It may be hard to understand what constitutes computational thinking, and people may fall into the trap of considering just AI. AI is the most popular example of computational thinking, but does not represent the field entirely. Computational thinking started long before AI became popular with deep learning as the leading horse. As one example, mathematical programming, part of operations research, is computational thinking, developed during WW II, and traditionally, even a decade ago, used no AI.

One can see computational thinking with a thought experiment:

"Suppose you give your result, from your model, to someone. Do you believe the person would be able to tell the difference between your solution, from your algorithm, and a human? If not, this is computational thinking. It is a machine (i.e., an algorithm, a routine), doing human-thinking work."[6]

Notable psychologist and economist Daniel Kahneman and his colleagues have an interesting definition of algorithms: that all computational thinking are algorithms.[7]

Although nowadays these [machine learning] are the applications we have in mind when we hear the word algorithm, the term has a broader meaning. In one dictionary’s definition, an algorithm is a “process or set of rules to be followed in calculations or other problem-solving operations, especially by a computer.” By this definition, simple models and other forms of mechanical judgment [in opposition to clinical judgement] we described in the previous chapter are algorithms, too.

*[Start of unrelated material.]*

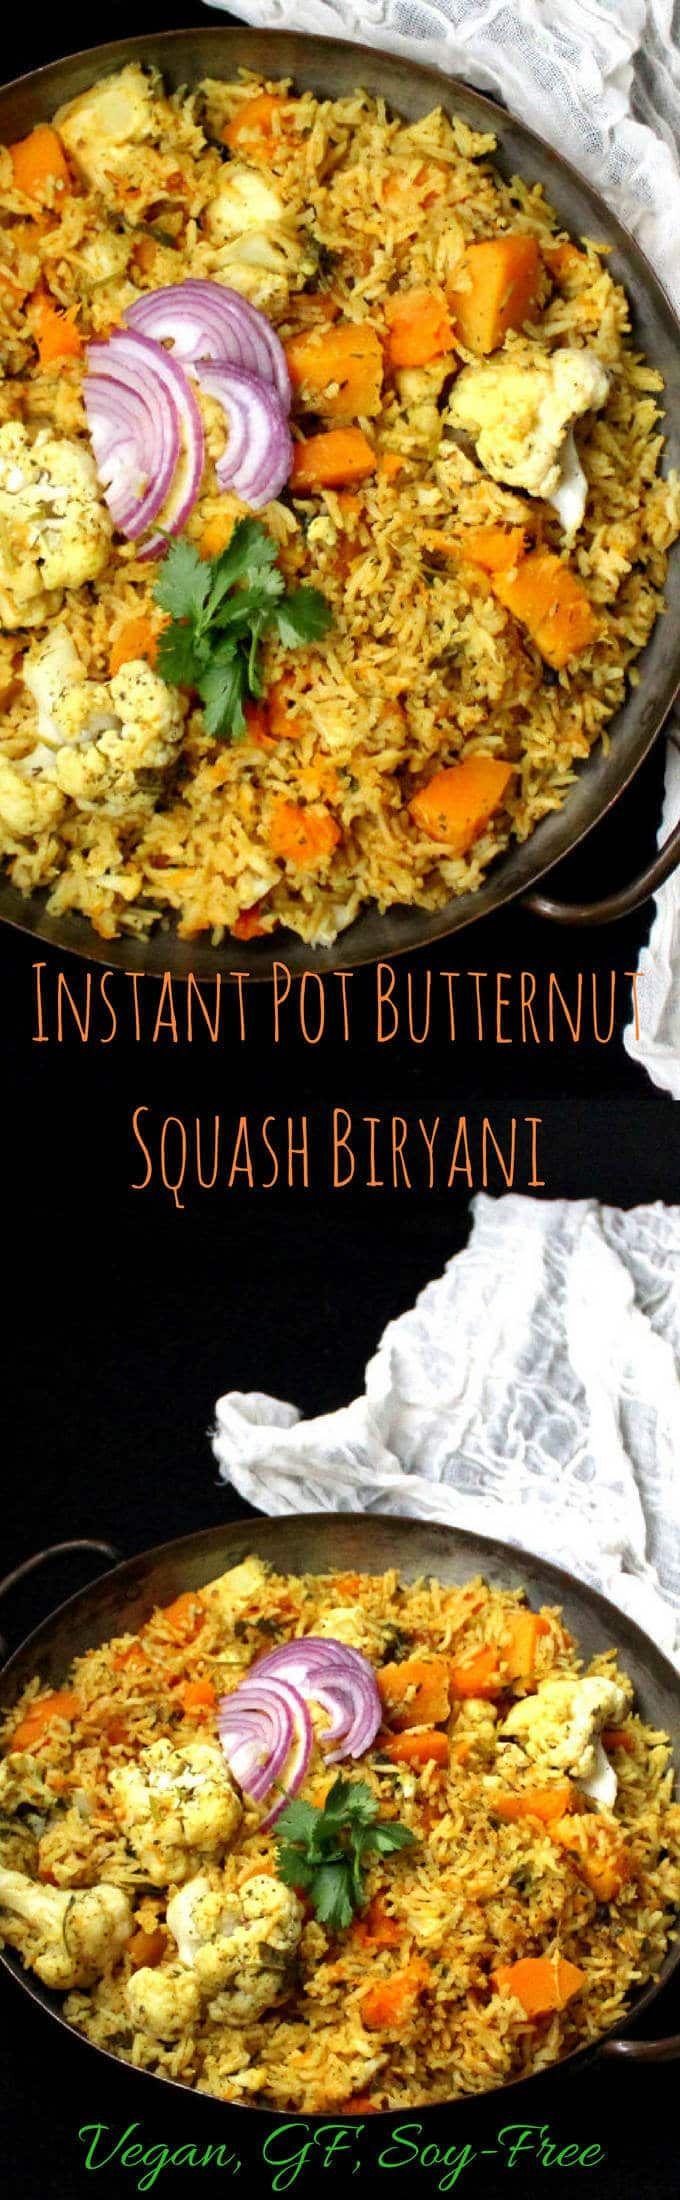 Butternut Squash Biryani In An Instant Pot
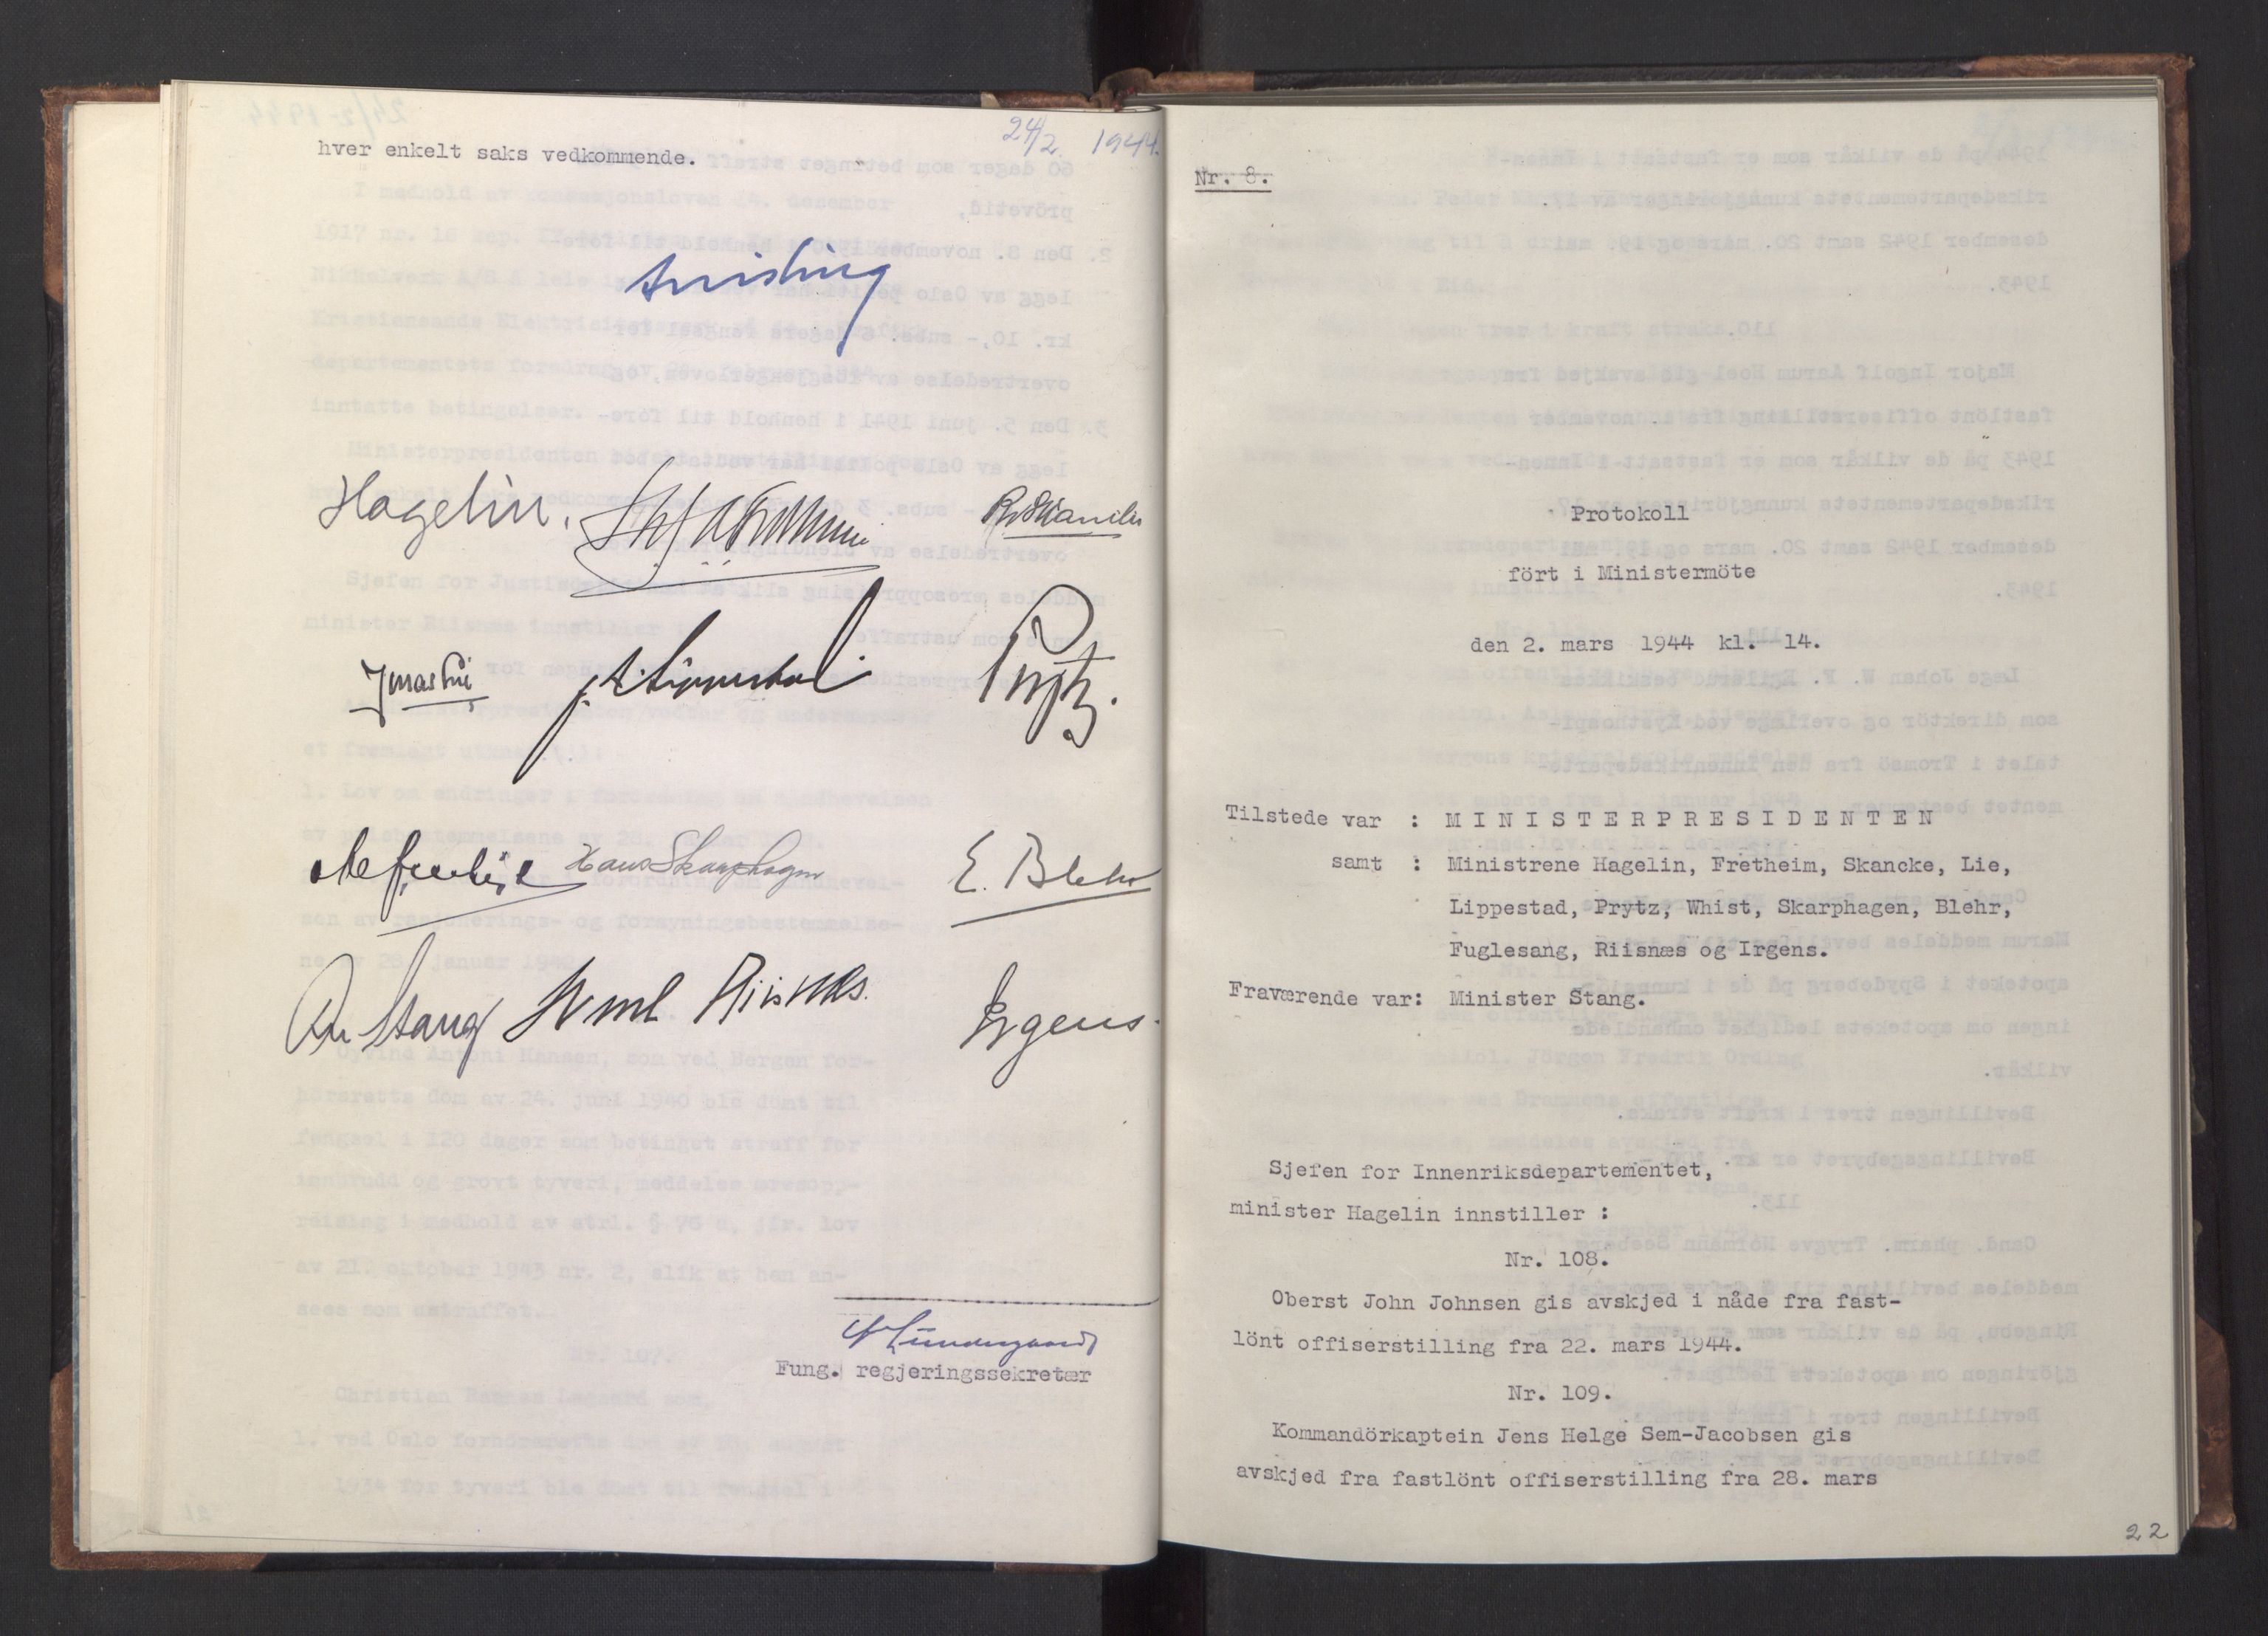 RA, NS-administrasjonen 1940-1945 (Statsrådsekretariatet, de kommisariske statsråder mm), D/Da/L0005: Protokoll fra ministermøter, 1944, s. 21b-22a

Computational thinking, since it is present essentially everywhere, may be similar to data science: everyone does it, and it is hard to define without excluding any of its use cases.

History[edit]

The history of computational thinking as a concept dates back at least to the 1950s but most ideas are much older.[8][3] Computational thinking involves ideas like abstraction, data representation, and logically organizing data, which are also prevalent in other kinds of thinking, such as scientific thinking, engineering thinking, systems thinking, design thinking, model-based thinking, and the like.[9] Neither the idea nor the term are recent: Preceded by terms like algorithmizing, procedural thinking, algorithmic thinking, and computational literacy[3] by computing pioneers like Alan Perlis and Donald Knuth, the term computational thinking was first used by Seymour Papert in 1980[10] and again in 1996.[11] Computational thinking can be used to algorithmically solve complicated problems of scale, and is often used to realize large improvements in efficiency.[12]

The phrase computational thinking was brought to the forefront of the computer science education community in 2006 as a result of a Communications of the ACM essay on the subject by Jeannette Wing. The essay suggested that thinking computationally was a fundamental skill for everyone, not just computer scientists, and argued for the importance of integrating computational ideas into other subjects in school.[13] The essay also said that by learning computational thinking, children will be better in many everyday tasks—as examples, the essay gave packing one's backpack, finding one's lost mittens, and knowing when to stop renting and buying instead. The continuum of computational thinking questions in education ranges from K–9 computing for children to professional and continuing education, where the challenge is how to communicate deep principles, maxims, and ways of thinking between experts.[3]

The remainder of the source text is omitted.